Çözümün belirli bir şırınga silindiri yüksekliğinde hazneden akmasını sağlayarak bir kronometre kullanarak akış hızını manuel olarak hesaplayın. Bu denklemi kullanarak akışı değiştirmek ve paralel bir odadaki kesme gerilimini hesaplamak için şırıngayı yükseltin veya düşürün. İstenilen kesme gerilimi bulunana kadar bu işlemi tekrarlayın.

Daha sonra, elektrofizyoloji teçhizatMikroskop aşamasına bağlı hücreleri içeren bir monte oda aktarın. Ve baf çözeltisi ile önceden doldurulmuş boruyu A.Then parçasının deliğine yerleştirin, odayı doldurun ve hücreleri aynı anda 10 mililitre BAF çözeltisi ile yıkayın. İstenilen yama yapılandırması başarıyla elde edildikten sonra, kanal akımlarının oda sıcaklığında statik bir banyoda stabilize olmasını bekleyin.

Akımlar stabilize olur olmaz, kesme geriliminin bir sonraki adımından önce artan akımın stabilize olmasını sağlayan, adım adım şeklinde kesme uygulayın. Mechanosensitive kanal akımlarının statik banyoda gözlenen temel akımlara dönmesini sağlayarak, bölmeye akışı durdurarak hücrelere yakalama maruziyetini kaldırın. Burada gösterilen belirgin doğrusal dışa sızıntı akımı ile birincil fare mezenterik endotel hücresinden Kir akımı temsili bir ham kaydıdır.

Yama 400 milisaniyenin üzerinde negatif 140 ila pozitif 40 milivolt luk bir rampa uygulandı. Sızıntı akımı gerçek Kir kanal aktivitesinin analizini engeller. Sızıntı akımını çıkarmak için, önce sızıntı akımının doğrusal eğim iletkenliğini hesaplayın.
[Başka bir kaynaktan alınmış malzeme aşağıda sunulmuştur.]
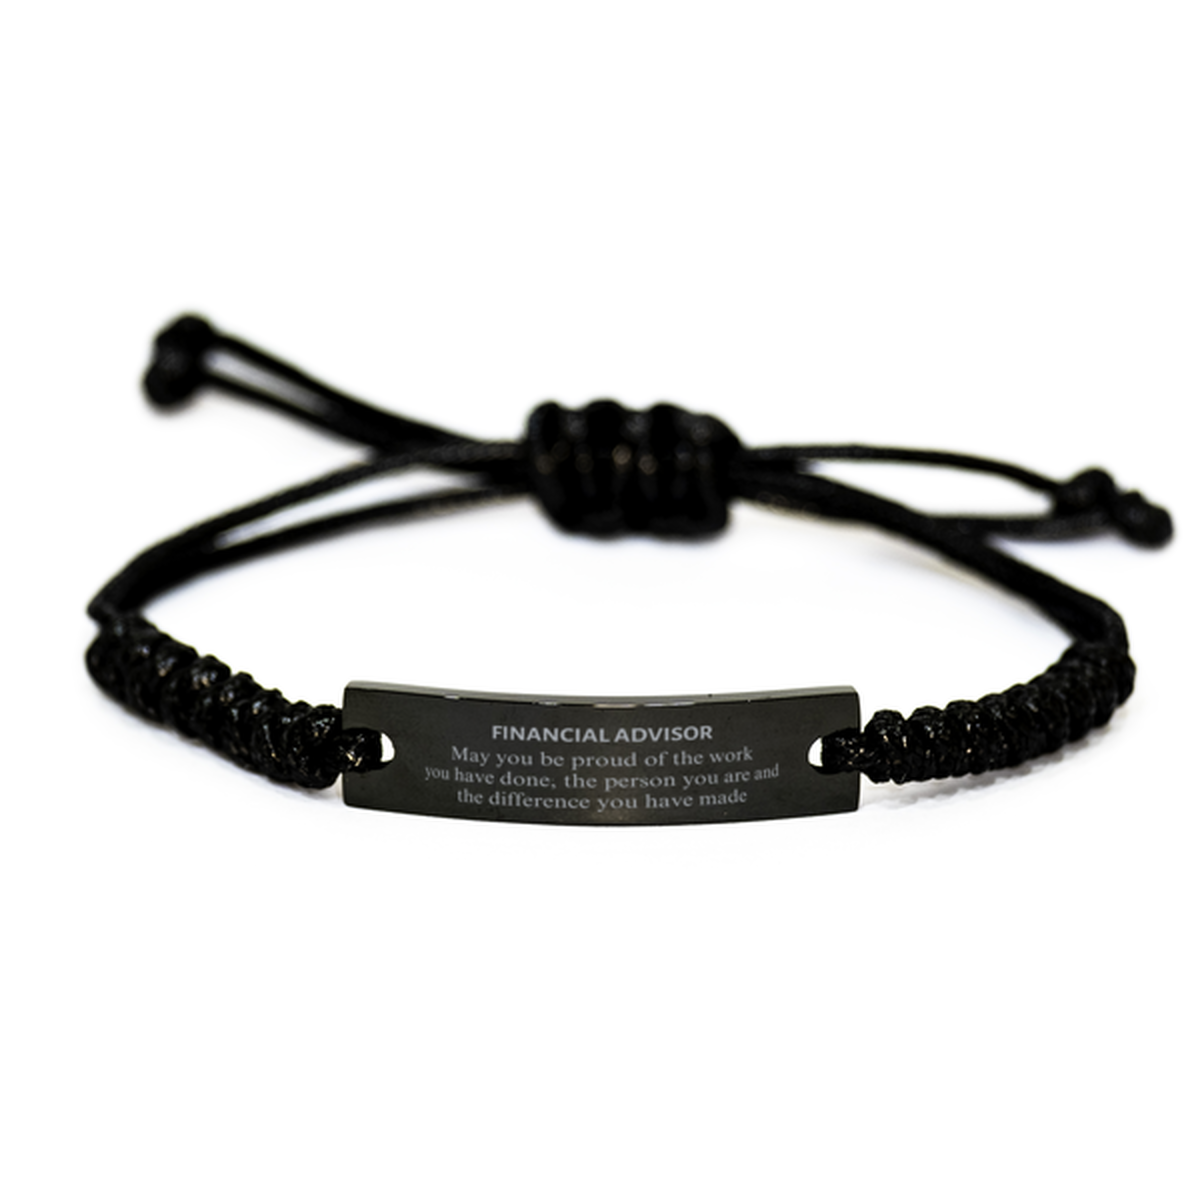 Financial Advisor May you be proud of the work you have done, Retirement Financial Advisor Black Rope Bracelet for Colleague Appreciation Gifts Amazing for Financial Advisor

Ham veri üzerinde sızıntı akımı arsa için tüm ham iz karşılık gelen gerilimler tarafından çoklu G eğimi. Çizgi tam olarak dışa doğrusal sızıntı bindirmegerekir. Daha sonra, doğrusal dışa doğrusal akım picofarad başına yaklaşık sıfır picoamperes ve gerçek Kir akımı analiz edilebilir böylece tüm iz çizilmiş sızıntı akımı çıkarın.

Bu prosedürü denerken hatırlanması gereken en önemli şey, hücrelerin deneyler için erişilebilir olması için kapak camı odanın düzgün bir şekilde yerle bir etmektir. Buna ek olarak, kapak fişinin D parçasına yeterince yapıştığından, sıvı akışının hücreleri içeren kapak camı bozmayan bir şekilde yapıştırılmasından emin olun.